Si cette conception vulgaire de l’individualisme est fausse, ce n’est pas du fait que les hommes qui se disent, dans le présent, individualistes vivent comme les autres en société, car les sociétés actuelles imposent à l’individu une association déterminée. L’individu subit cette association, mais là s’arrête sa participation, qui n’est nullement bénévole. De quoi l’on peut inférer que l’individualisme n’est pas un système d’isolement préconçu et n’est pas, par conséquent, l’opposé de l’association, c’est de ce que bon nombre d’anarchistes communistes, donnant enfin à l’expression de « communisme » un sens moins religieux, moins chrétien, s’affirment également individualistes. Max Stirner lui-même, une des lumières de la philosophie individualiste, préconise dans son livre L’Unique et sa propriété, l’« association des égoïstes ». Enfin, ce qui est surtout convaincant, c’est d’approfondir la question, après, quoi l’on voit qu’étant donné le caractère de l’individualisme, cette conception de la vie n’exige point dans sa pratique l’isolement physique ou économique des individus et, par suite, ne s’oppose pas à leur association.
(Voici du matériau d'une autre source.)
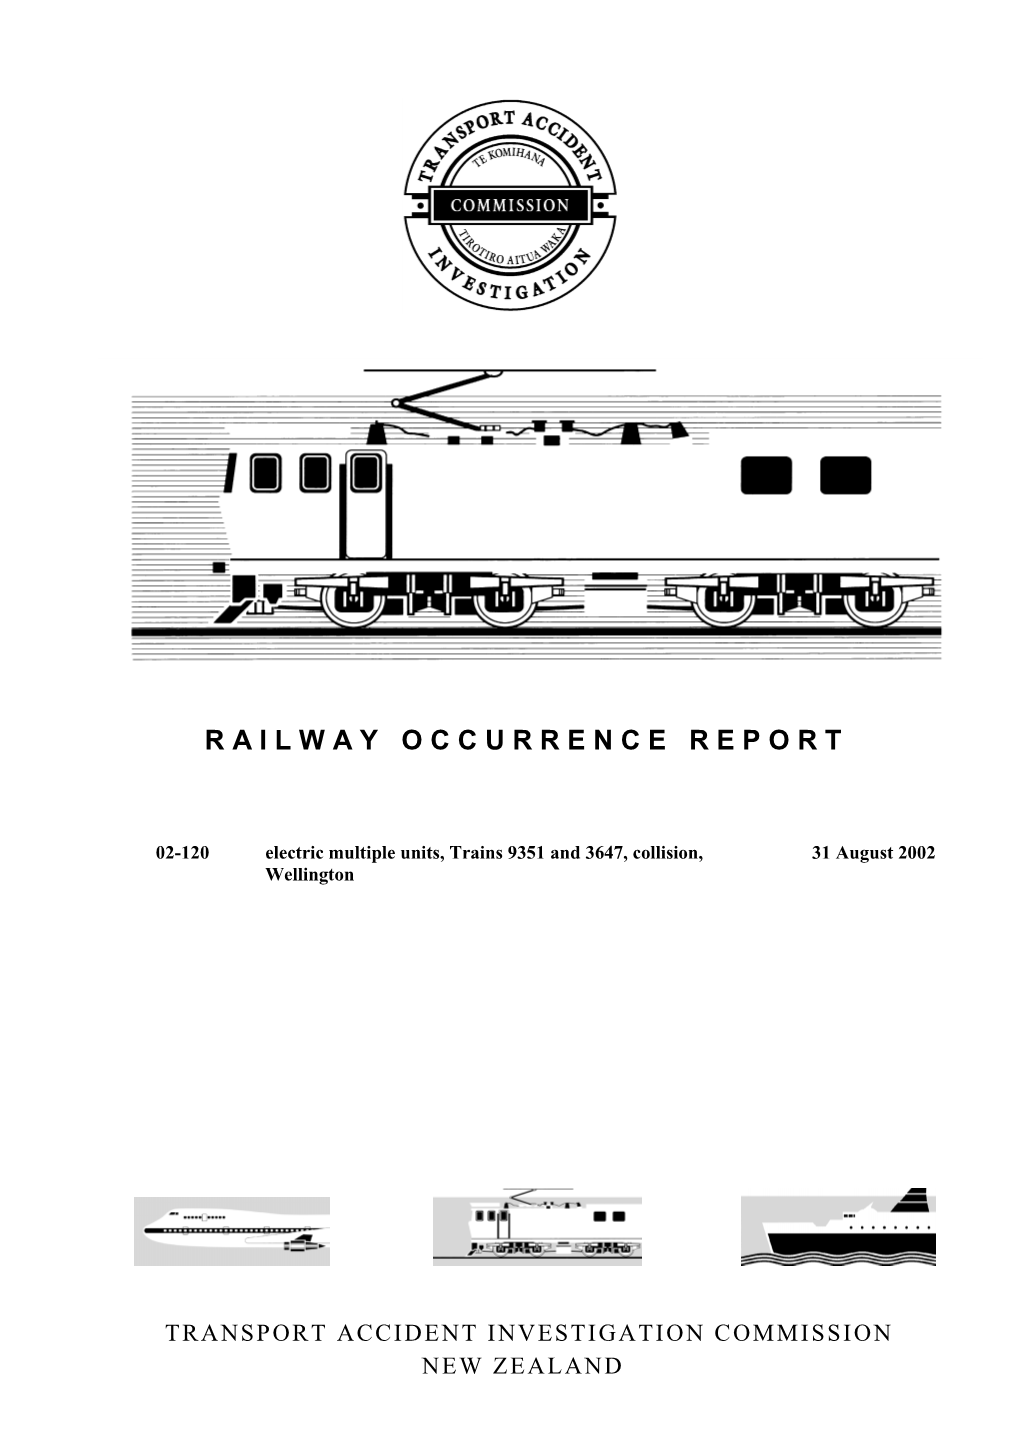 02-120. Electric Multiple Units, Trains 9351 and 3647, Collision

Observez dans les sociétés actuelles la différence d’éducation des prolétaires et les privilégiés. Vous avez là tout le secret de la méthode du gouvernement. Un homme du peuple, issu de l’enseignement primaire, ignore, comme il le faut, ce qu’est réellement l’individualisme et surtout sur quoi il se fonde, il n’en a qu’une notion fausse ou aucune notion ; il ne s’en inspirera donc jamais pour se conduire dans l’existence ; il est voué à l’absorption par les forts ; c’est parfait, — au point de vue de l’État, ou plutôt de ceux qui pourraient dire avec quelque raison : « L’État, c’est nous. » Par contre, un homme de l’« élite », formé par l’enseignement secondaire ou supérieur, possède l’idée exacte de l’individualisme et de ses bases scientifiques. C’est pour lui la vérité même, mais la vérité qu’on garde pour soi. L’excellent struggler que voilà ! Il peut triompher : il a des armes et les autres sont désarmés. Car il s’en souviendra à toute occasion pour le mieux de ses intérêts et il continuera à l’égard du troupeau les errements de ses devanciers. Toutes les vérités ne sont pas bonnes à dire !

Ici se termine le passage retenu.